Exercise: Starting at the line below that contains "Senior, love and" and ending at the line that contains "Portrait of a", retype each line exactly as it stands, but omit the pictures.

Supplied data:
====

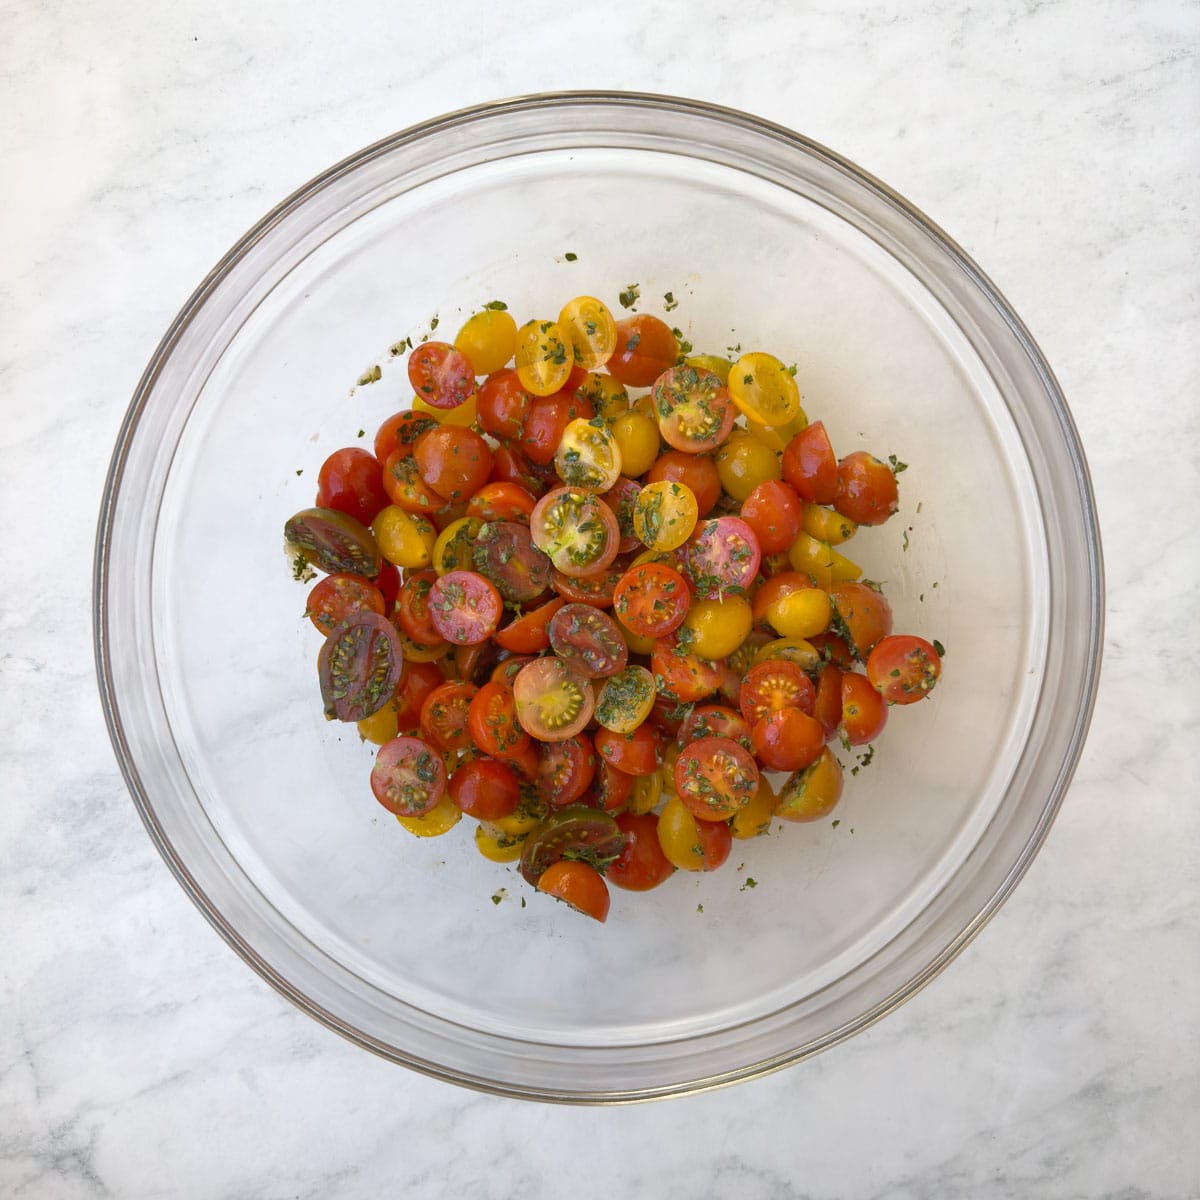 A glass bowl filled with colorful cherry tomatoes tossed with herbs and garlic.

====

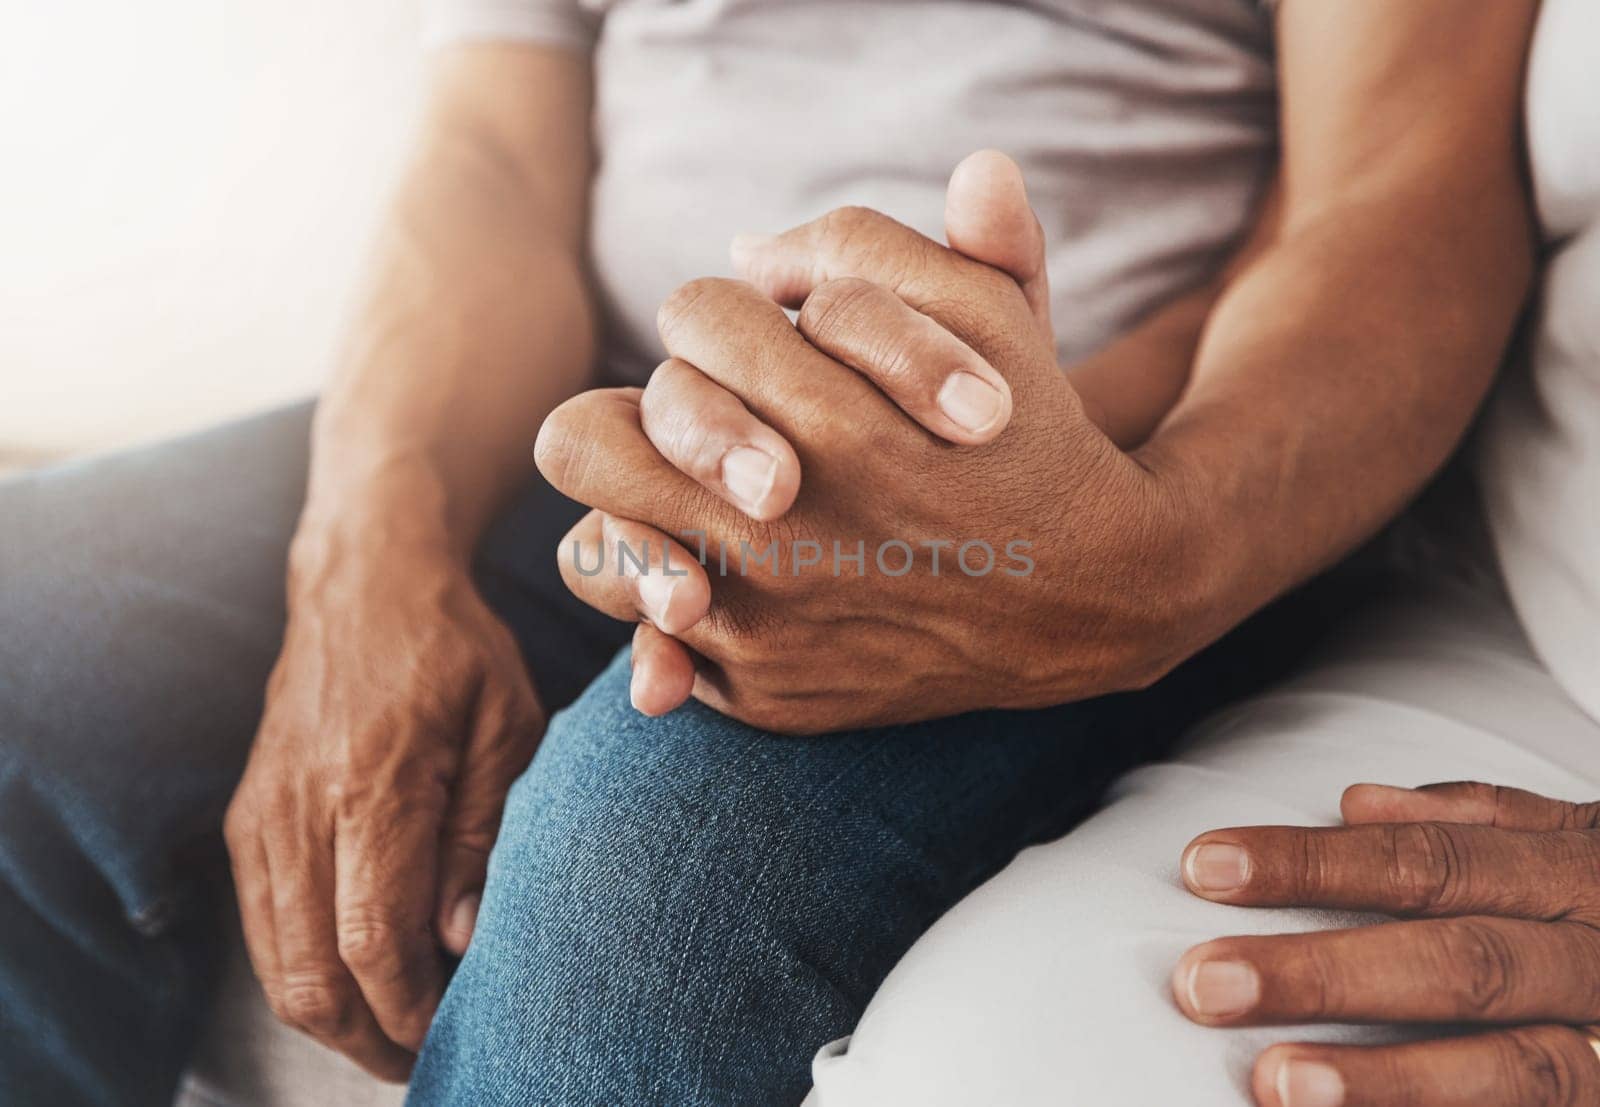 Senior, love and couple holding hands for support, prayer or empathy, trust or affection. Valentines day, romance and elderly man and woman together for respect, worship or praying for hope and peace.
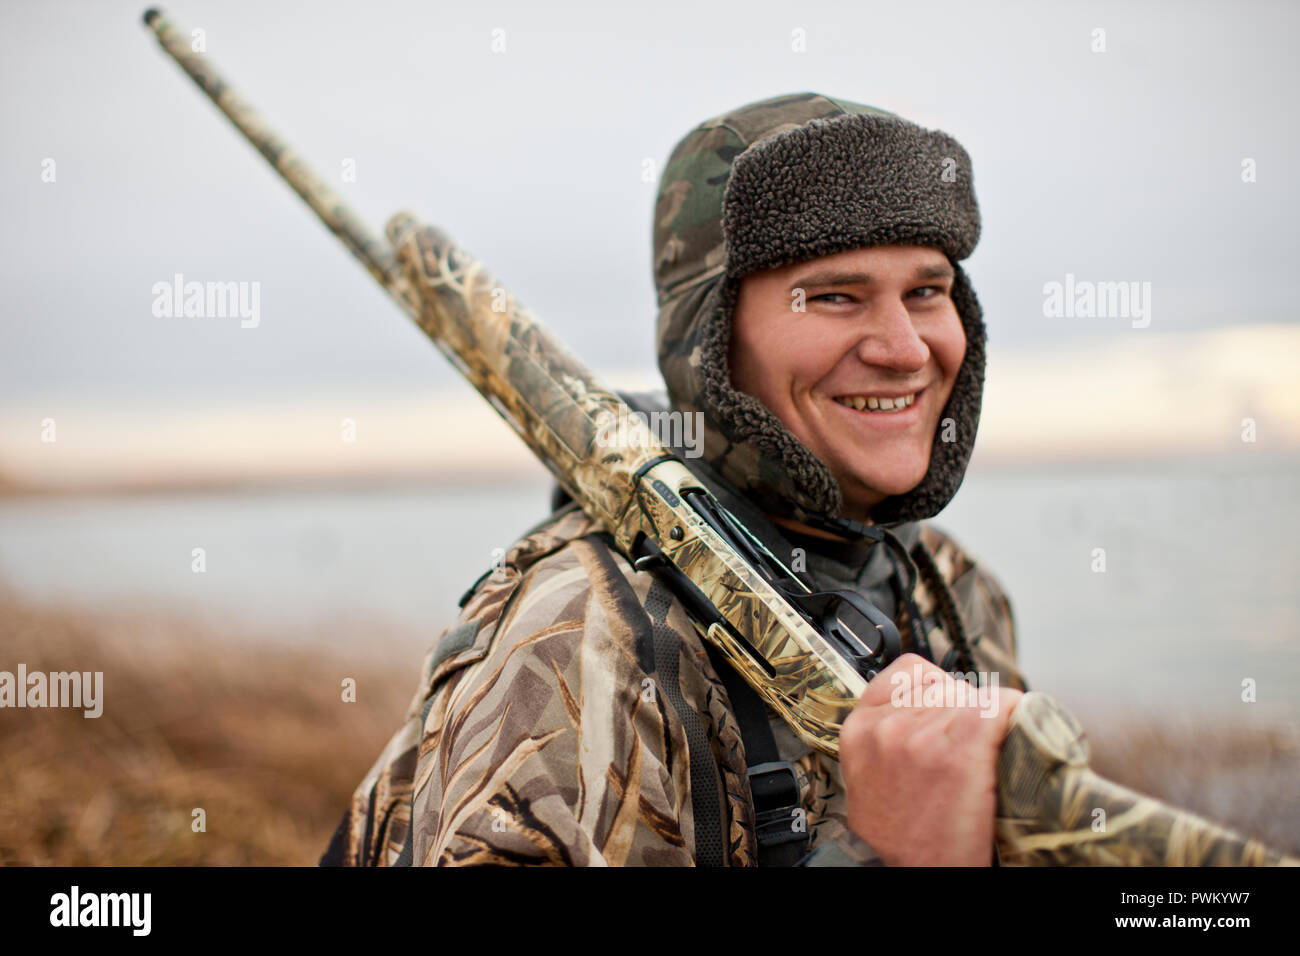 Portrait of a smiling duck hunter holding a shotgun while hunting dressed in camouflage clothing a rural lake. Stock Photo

====

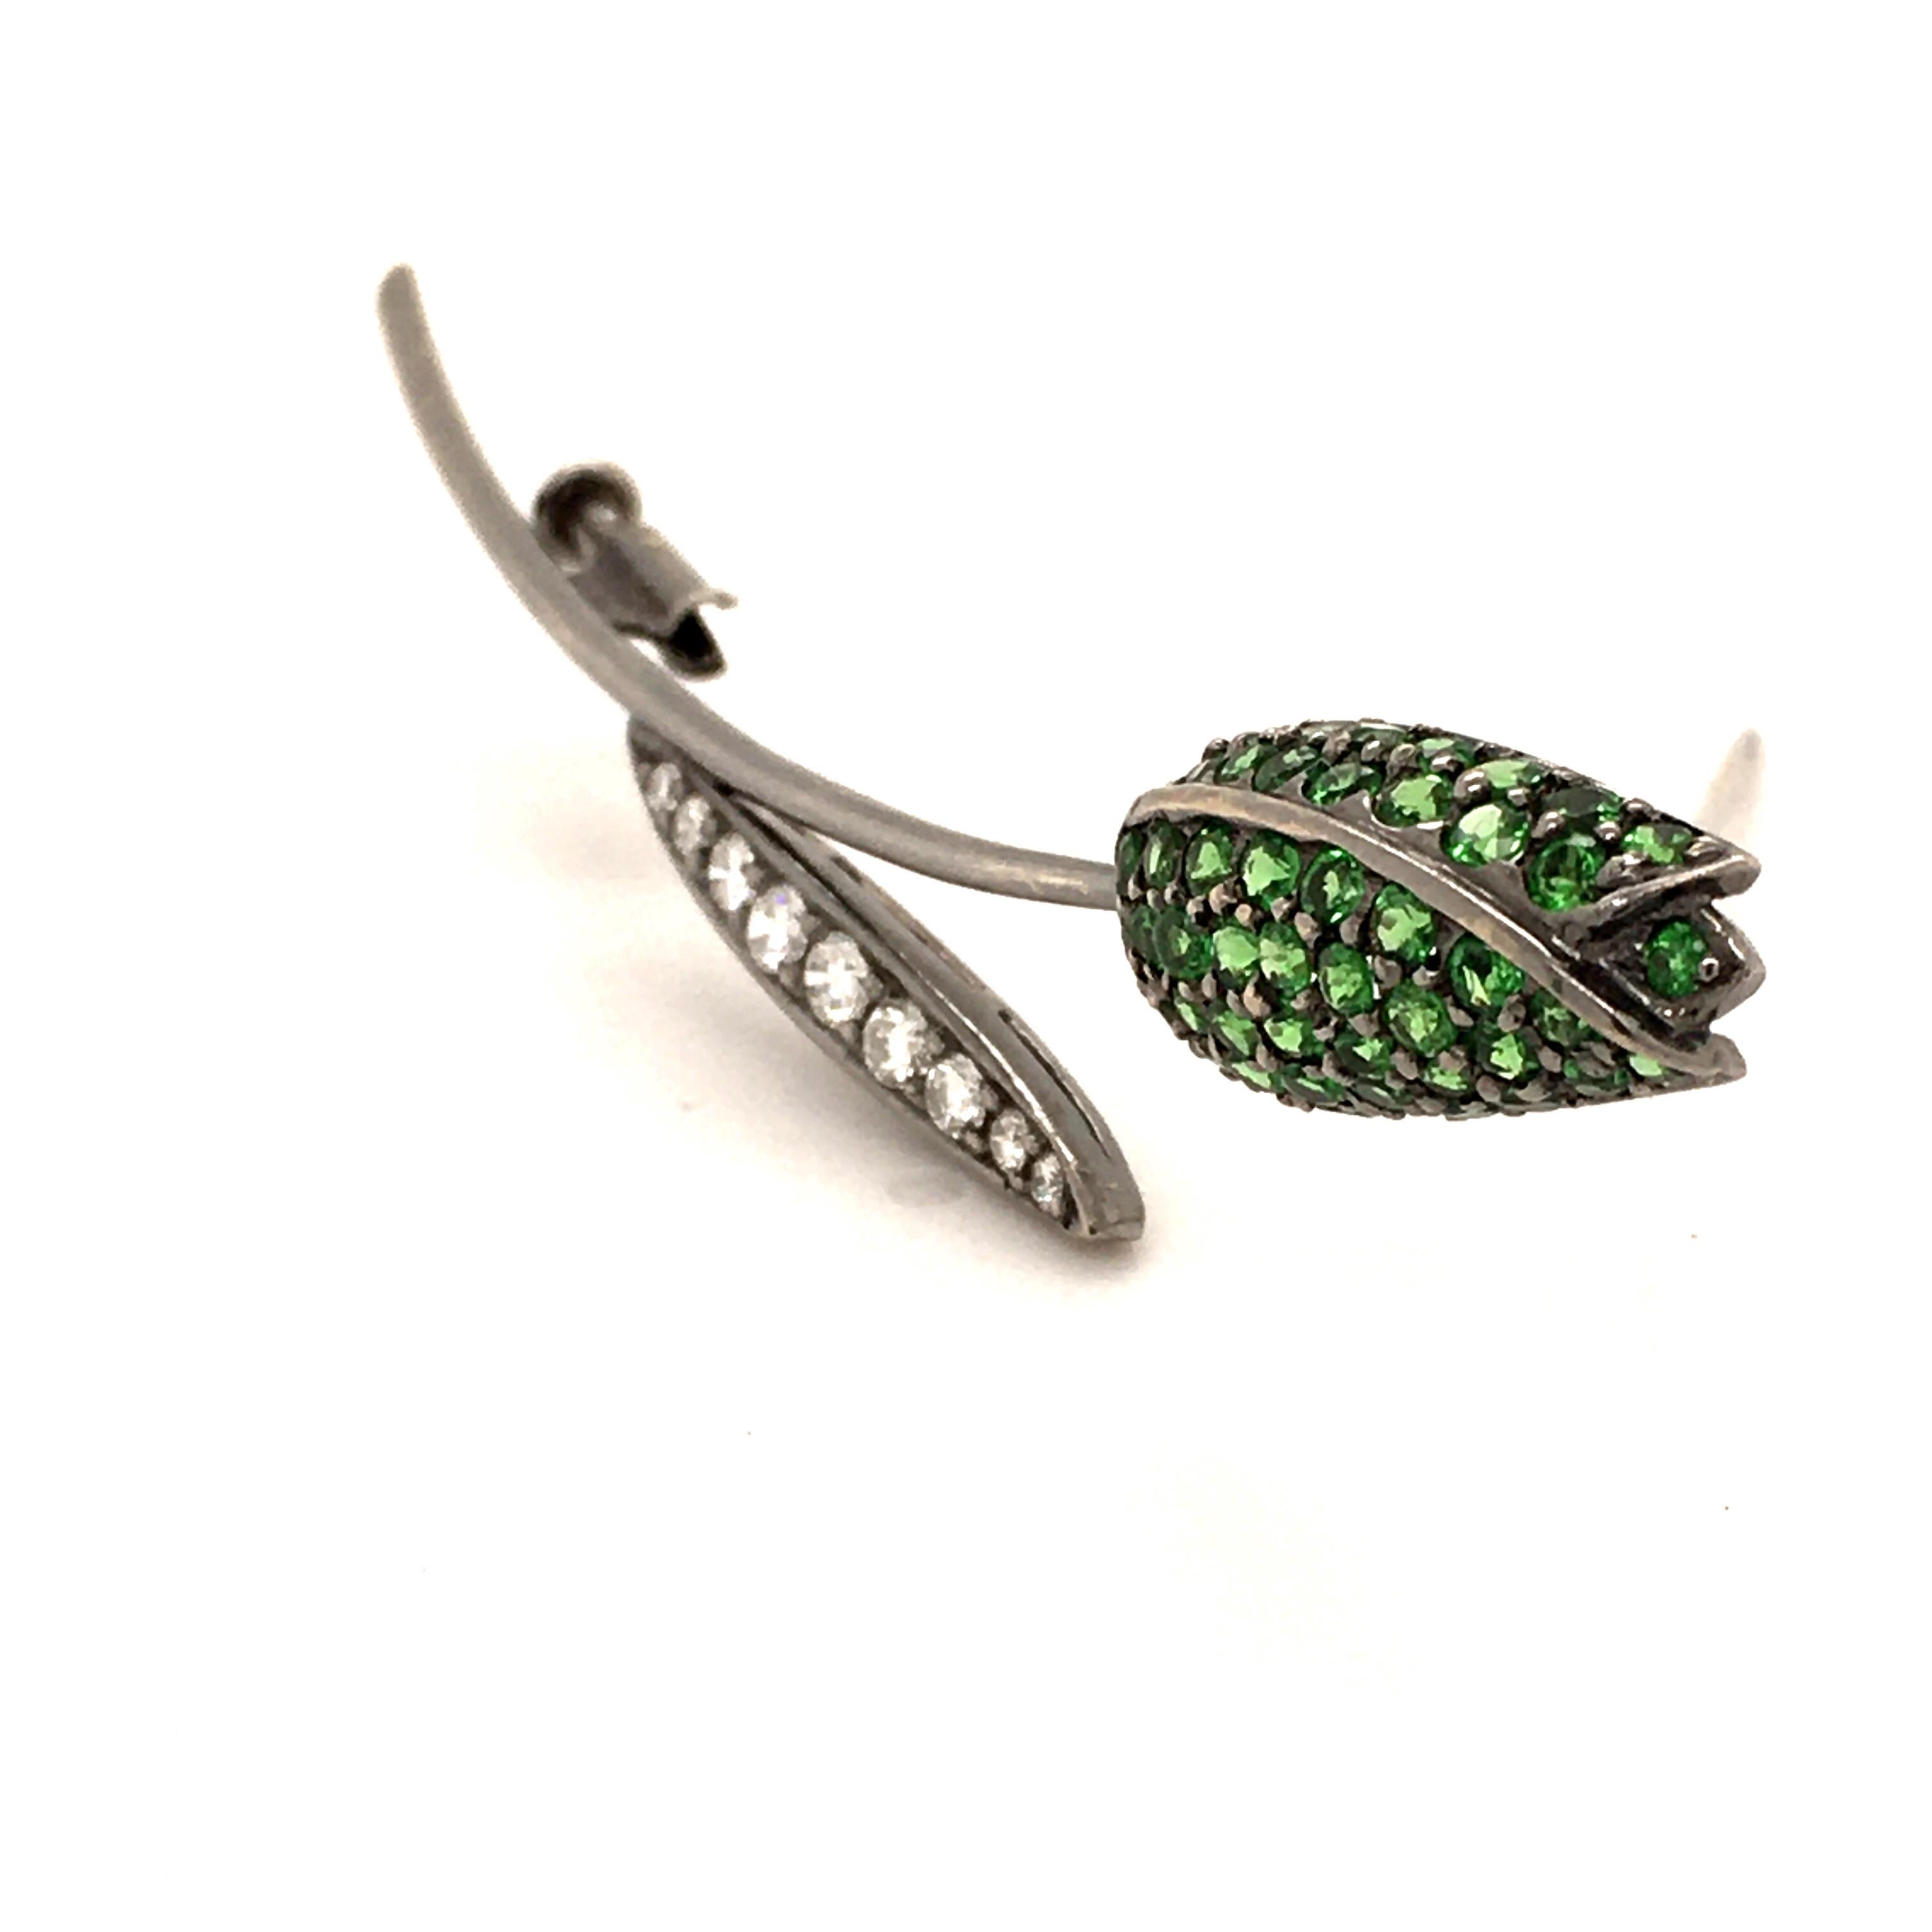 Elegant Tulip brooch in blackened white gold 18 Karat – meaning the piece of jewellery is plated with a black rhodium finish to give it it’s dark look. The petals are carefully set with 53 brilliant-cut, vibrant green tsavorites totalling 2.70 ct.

====

Written solution:
 Senior, love and couple holding hands for support, prayer or empathy, trust or affection. Valentines day, romance and elderly man and woman together for respect, worship or praying for hope and peace.
 Portrait of a smiling duck hunter holding a shotgun while hunting dressed in camouflage clothing a rural lake. Stock Photo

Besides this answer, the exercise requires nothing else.